Le film lève surtout le voile sur tout le boulot que les professionnels accomplissent en classe avec une prise en charge individualisée pour chacun des cinq élèves, visant tant leur épanouissement que le développement de leurs facultés, tout en mettant un cadre à leur comportement parfois turbulent. «Je suis flattée par l’image que le film renvoie de moi et de mon travail», commente l’enseignante Adeline Schopfer à l’heure de rentrer à Yverdon. «J’ai pris ce tournage comme un défi, une aventure, avec l’envie que notre école s’ouvre aux autres et que les gens voient que nos élèves sont bel et bien des élèves, ils vont à l’école, apprendre des choses, à leur propre rythme.»

Dans son discours officiel prononcé jeudi soir, le président de la Confédération, Alain Berset, a salué Albiana, Louis, Kenza, Léon et Chloé. «Le film nous montre leurs douleurs et leurs espoirs, la douleur et les espoirs de leurs parents. Quand on l’a vu, on change de regard sur l’inclusion de ces personnes.» (24 heures)

Créé: 26.01.2018, 18h58

Les temps forts


Magali Ibram (à g.), Laurence Bellon (à dr.) et les autres parents ont fait le trajet jusqu’à Soleure en bus, avec le personnel de la fondation Verdeil.



Les spectateurs ont découvert le quotidien de la petite Kenza et de ses quatre camarades, leur éveil au monde scolaire tout au long de l’année.



À l’instar des autres parents, Abder et Magali Ibram ont découvert le film en même temps que les autres spectateurs. L’émotion est à son comble.

À l’école des Philosophes, Melgar filme l’intime et l’universel

L’entrée à l’école de cinq enfants, filmée sans fioriture par cet adepte du cinéma direct qu’est Fernand Melgar. Ce thème universel, qui touche chaque parent, prend une dimension encore plus intimiste avec le choix de planter la caméra à l’école spécialisée de la rue des Philosophes à Yverdon, qui appartient à la fondation Verdeil et qui accueille des enfants en situation de handicap. Des enfants qui ne peuvent suivre une scolarité dans le système régulier, ou en tout cas pas à plein temps.

«Peu connaissent de tels enfants, à peine les croisons-nous dans un lieu public, explique Fernand Melgar. Car la frontière qui existe entre nous est étanche d’un côté les bien-portants, qui constituent la norme, et de l’autre les handicapés mentaux considérés comme un groupe en soi, un genre, pour ainsi dire une humanité spécifique.»

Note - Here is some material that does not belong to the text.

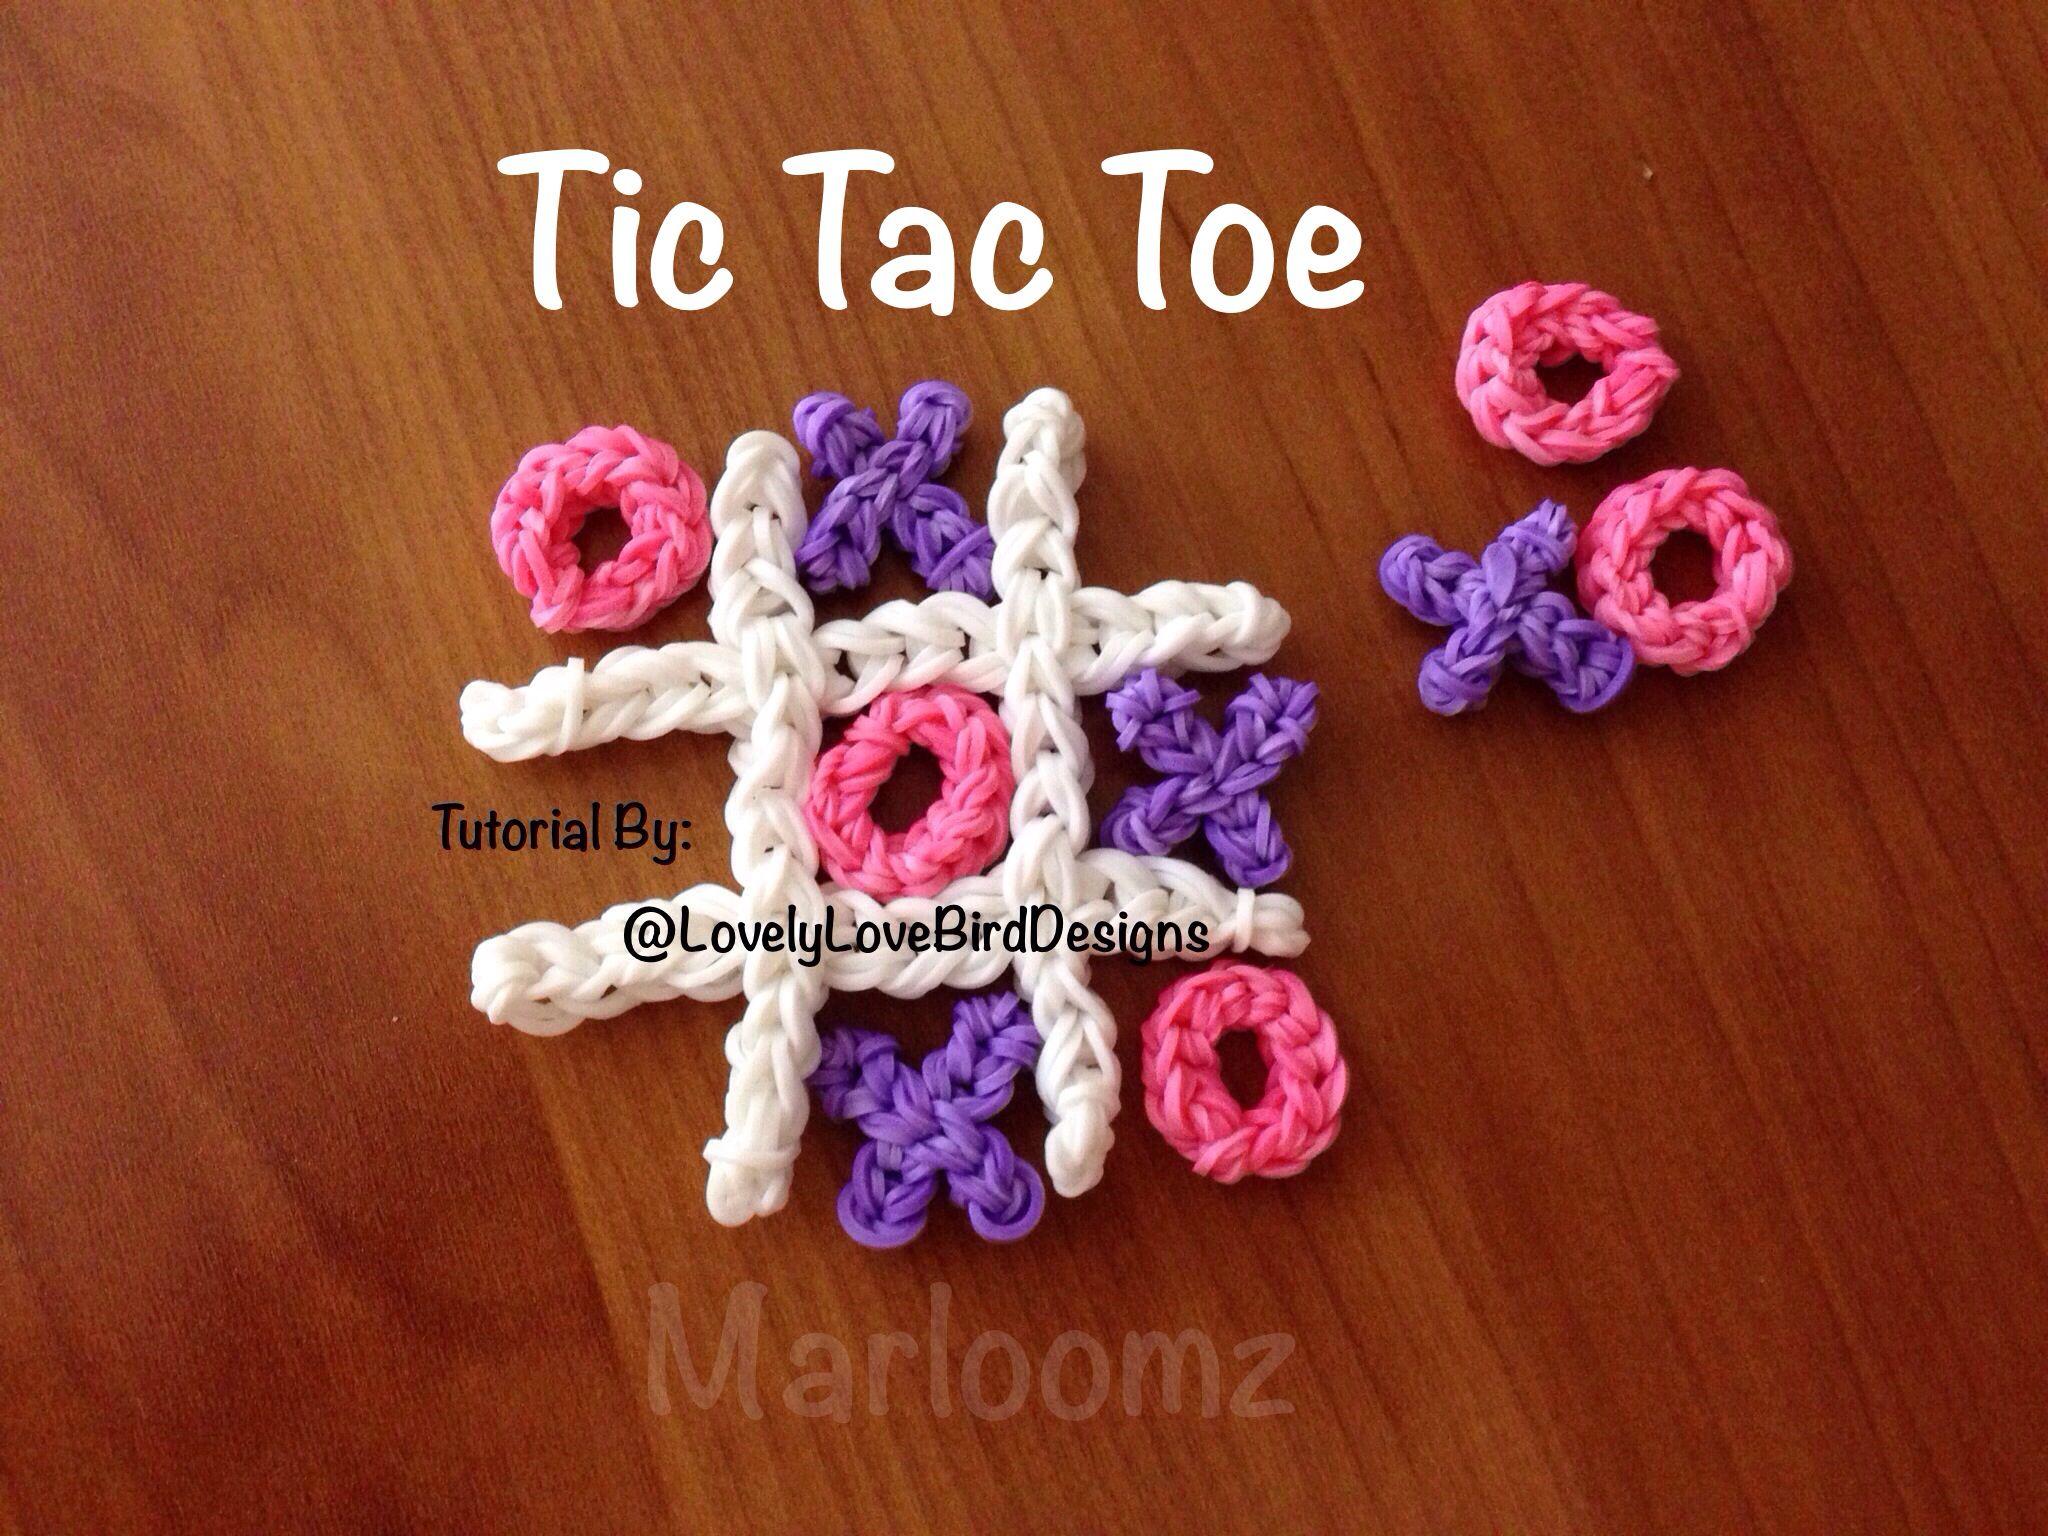 Rainbow Loom Tic Tac Toe Tutorial By: Lovely Lovebird Designs
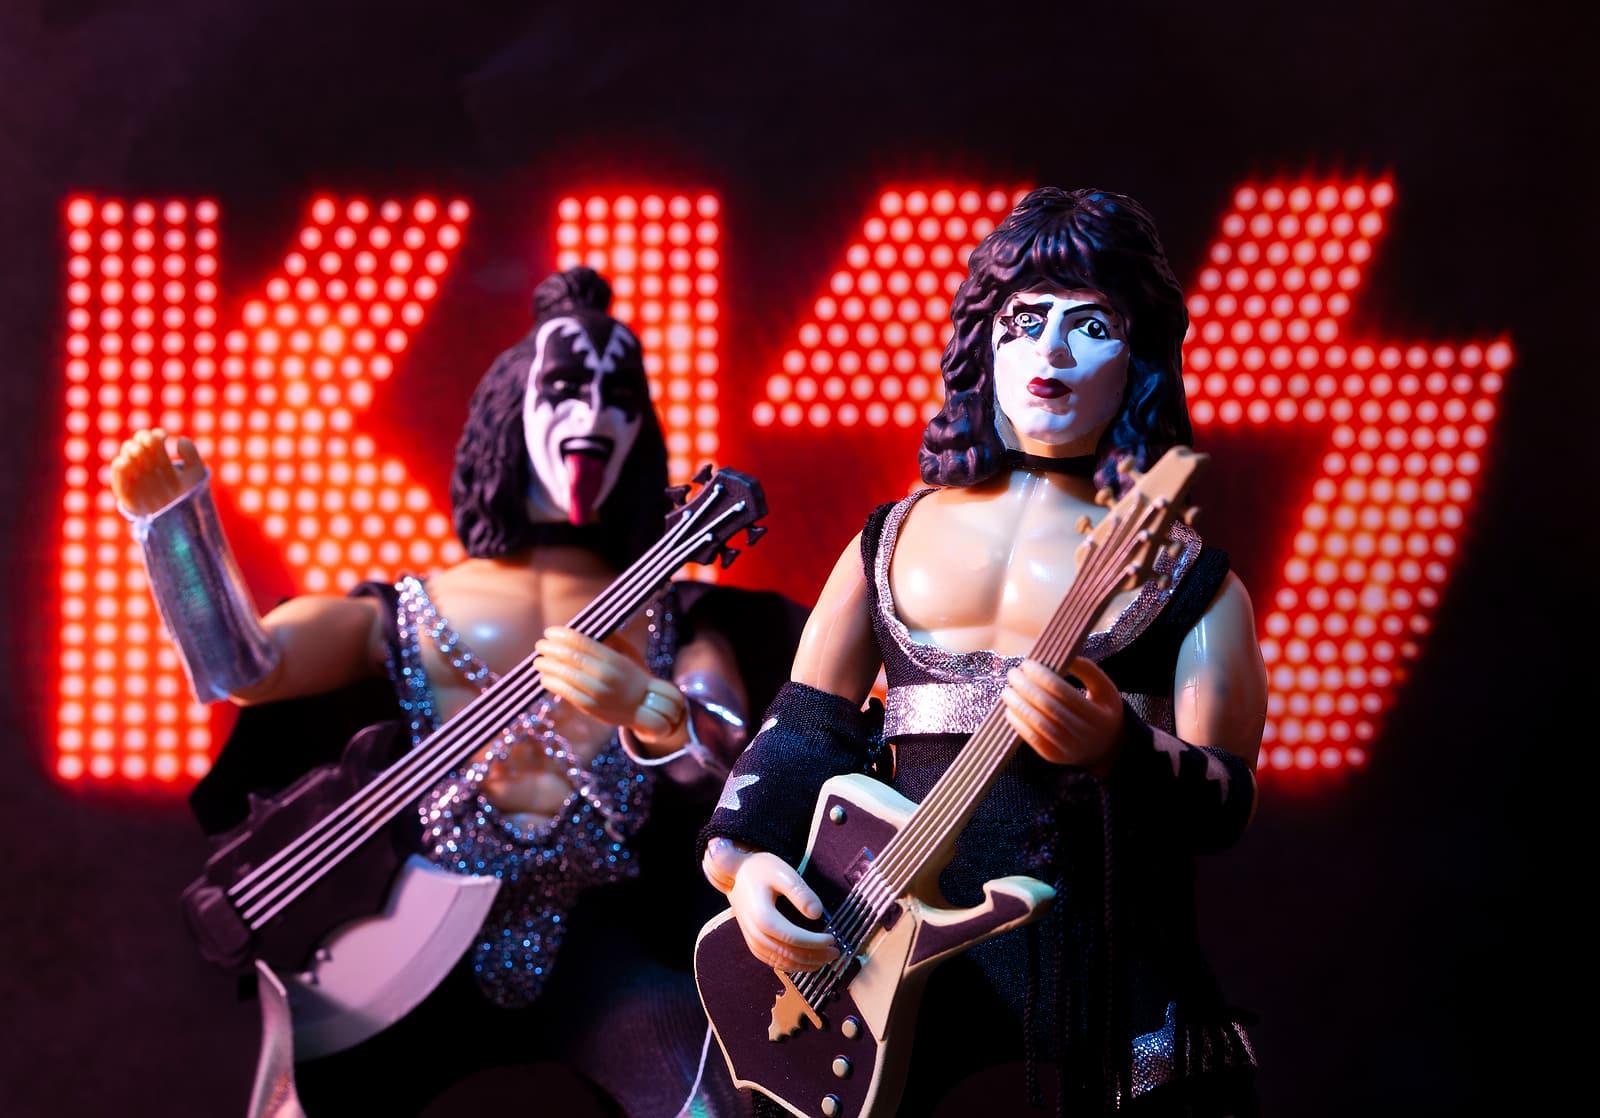 David Lee Roth says KISS Off to Gene Simmons

Mitochodriopathie, syndrome de Dawn, autisme, etc.: les diagnostics sont divers, parfois incertains, et importent peu au final. Car au-delà des mots savants, seuls comptent les besoins de chacun, identifiés et comblés par les professionnels qui les prennent en charge.

Le cinéaste a suivi cette première année scolaire, en classe, durant les sorties, mais aussi au domicile des familles. Ne ratant rien de la difficile séparation avec les parents, et petit à petit, de l’éveil de chacun au monde scolaire et à ses règles. Fixant les moments de joie du personnel de la fondation, mais aussi les coups de mou d’une équipe «qui manque de bras» devant la difficile tâche qui est la sienne.

Fernand Melgar et son assistant-réalisateur Rui Pires se sont intégrés à la classe durant plusieurs mois. «Nous avions leur photo dans le matériel que l’on utilise pour l’accueil et les enfants savaient les jours où ils seraient présents ou non», relate l’enseignante Adeline Schopfer. «Comme c’était la première année d’école de ces enfants, rien était anormal pour eux.»

Comme il le demandait, Fernand Melgar a obtenu carte blanche de la part de la direction de Verdeil, qui l’avait approché pour réaliser un film sur ce thème. Le réalisateur de La Forteresse, de Vol spécial et de L’Abri aura vu là une occasion de compléter son œuvre humaniste déjà riche. «La marginalité n’est pas un choix, dit-il dans sa note d’intention. C’est une conséquence car les notions de norme et de catégorisation règnent aujourd’hui en maître. Nous assistons impuissants aux désastres qu’elles causent aux personnes nées du mauvais côté du hasard.»